Claude Code implements context engineering through sub-agent architectures: specialized agents explore tens of thousands of tokens but return only 1,000–2,000 token summaries. The lead agent synthesizes results with clean context.
Browser automation tools face this tradeoff directly. Feeding an agent a full page DOM is context-expensive and noisy. The alternative: targeted screenshots combined with accessibility trees that surface only actionable elements. This is the approach used by Playwright MCP’s accessibility-first interaction model and tools like screencli that feed agents compressed visual context (screenshots + ARIA snapshots) rather than raw HTML.
The pattern is consistent: the best tools don’t give agents more information. They give agents the right information.
The 1M Context Trap
Claude Opus 4.6 and Sonnet 4.6 shipped 1M context windows at GA on March 13, 2026 — at standard pricing, no surcharge. It’s tempting to treat this as a solution: just throw everything in.
It isn’t. Larger context windows don’t eliminate context rot. They raise the ceiling but don’t change the physics. An agent with 1M tokens of poorly curated context will underperform an agent with 50K tokens of well-curated context.

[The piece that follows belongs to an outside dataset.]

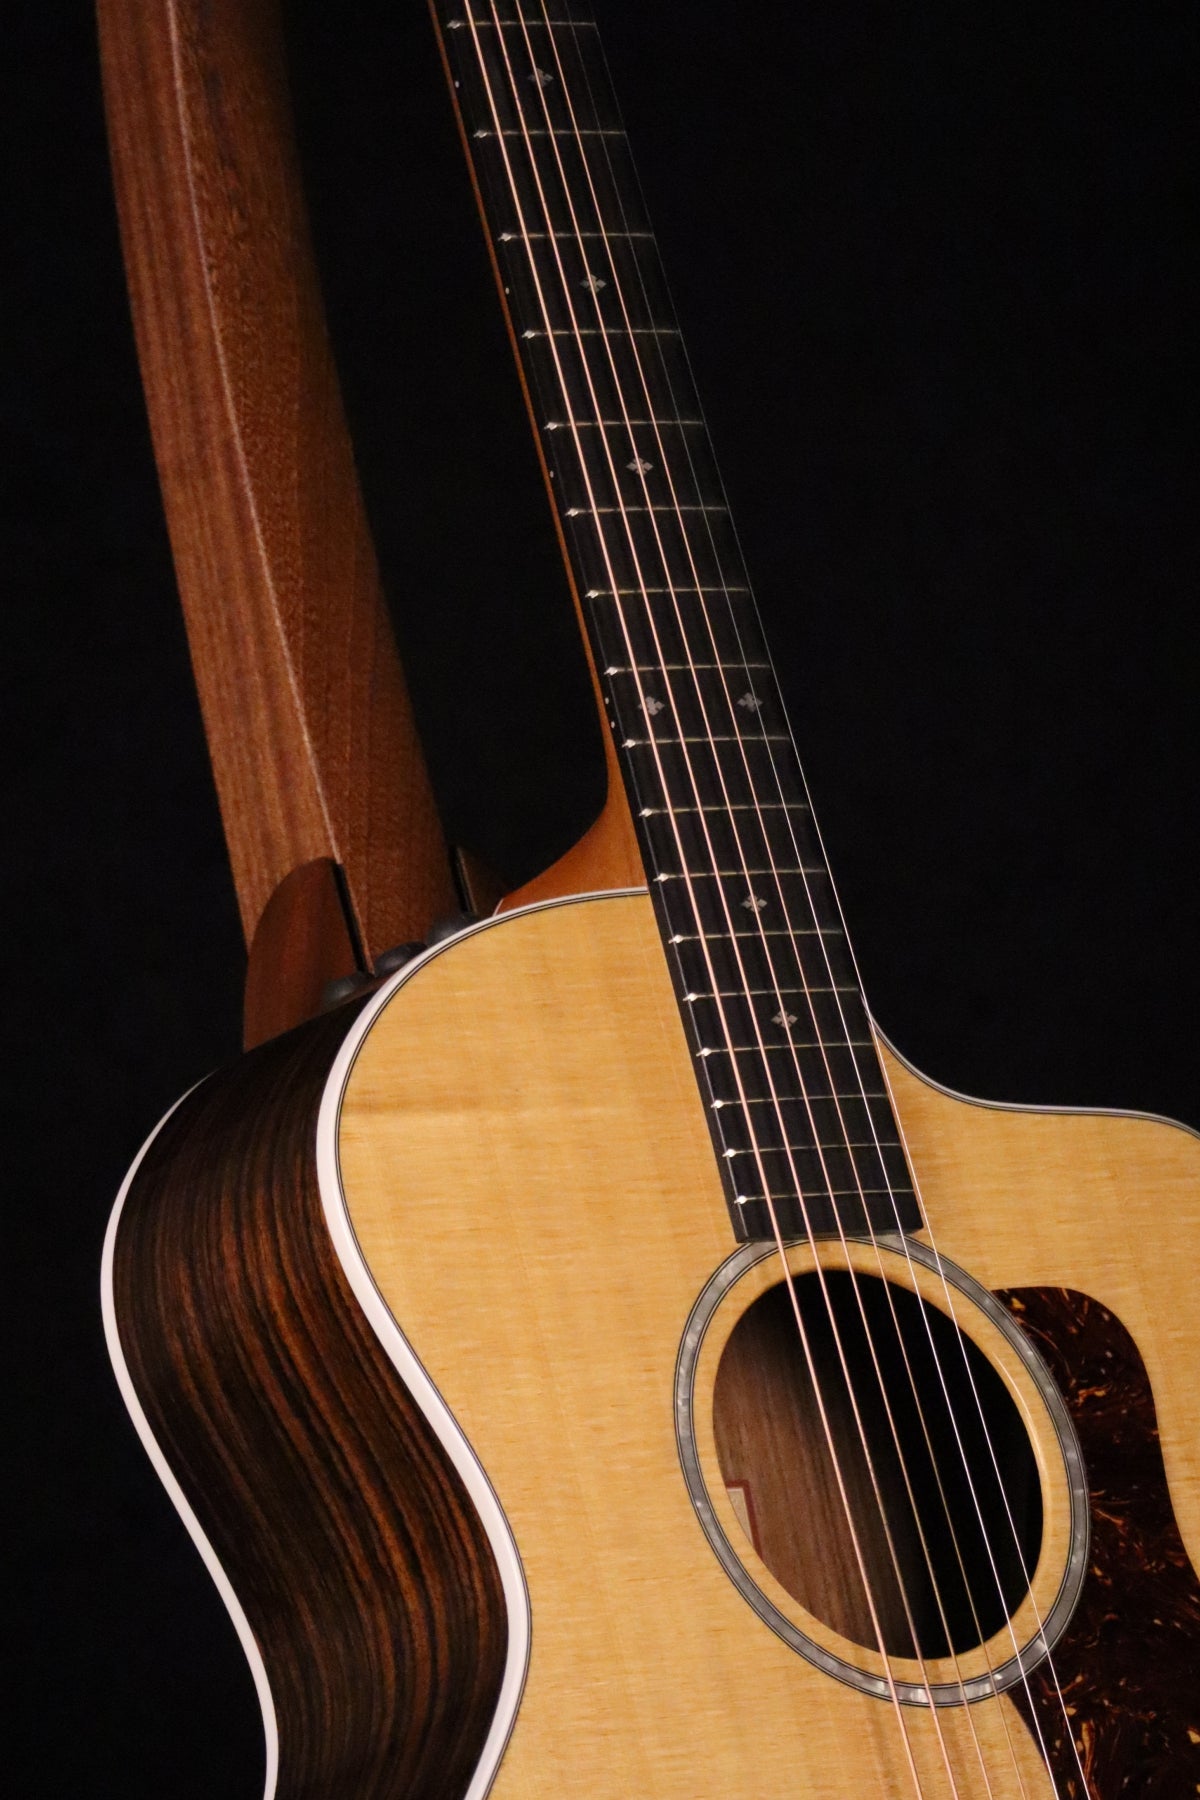 Folding sapele mahogany wood guitar floor stand closeup front image with Taylor guitar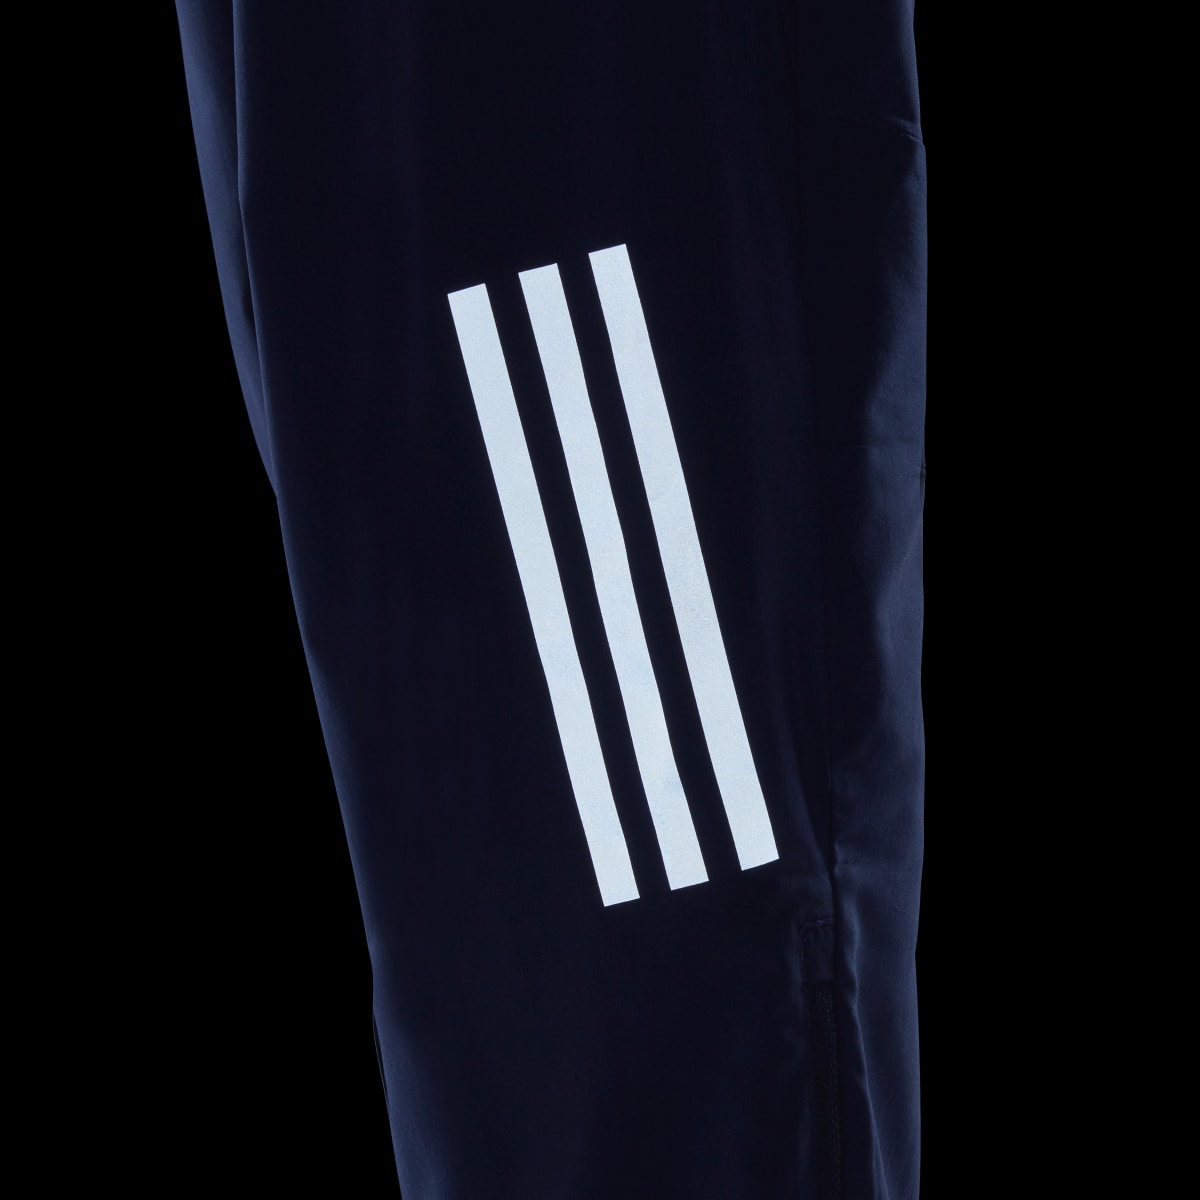 Adidas Own the Run Woven Astro Pants. 7

The teams winning in 2026 use large context windows as a safety net, not a strategy. The strategy is still curation.
The Bottom Line
If you’re building AI agents and spending time on prompt wording, you’re optimizing the wrong variable. The research from Anthropic, Manus, LangChain, and the broader agent ecosystem all point to the same conclusion:
The smallest set of high-signal tokens wins.
Every context slot is a scarce resource. Every unnecessary token is attention stolen from a useful one. The discipline of choosing what your agent sees — and what it doesn’t — is the defining skill of agent engineering in 2026.
Prompt engineering asked: “How do I phrase this?” Context engineering asks: “What does the model need to see right now, and nothing more?”
The second question is harder. It’s also the one that matters.
FAQ
What’s the difference between prompt engineering and context engineering? Prompt engineering focuses on crafting effective instructions and phrasing. Context engineering manages the entire information state available to the model at runtime — including system prompts, tools, retrieved data, conversation history, and external context. It’s a superset that treats token curation as the primary optimization lever.
Does a larger context window solve context engineering problems? No. According to Anthropic’s research, models suffer from “context rot” where accuracy decreases as token volume increases, regardless of window size. Larger windows provide more room but don’t eliminate the need for curation. Well-curated 50K-token contexts regularly outperform poorly curated 500K-token ones.
How much do MCP tool definitions actually cost in tokens? A single MCP tool definition costs 550–1,400 tokens. Connecting 40 tools burns 55,000+ tokens before the agent processes any user input. Scalekit’s benchmark found MCP costs 4–32x more tokens than CLI alternatives for identical operations, with monthly costs 17x higher at scale.
What’s the most impactful context engineering technique to start with? Start minimal. Anthropic’s recommendation: test with the smallest possible context on your best model, then add information only when you observe specific failure modes. Most teams over-provision context by default, which actively hurts performance.
How does context engineering affect AI agent costs? Dramatically. Manus reports that cache-optimized context reduces per-token costs by 10x ($0.30/MTok vs $3.00/MTok). CLI-based tool access costs $3.20/month at 10K operations versus $55.20 for equivalent MCP calls. Context engineering is simultaneously a performance and cost optimization.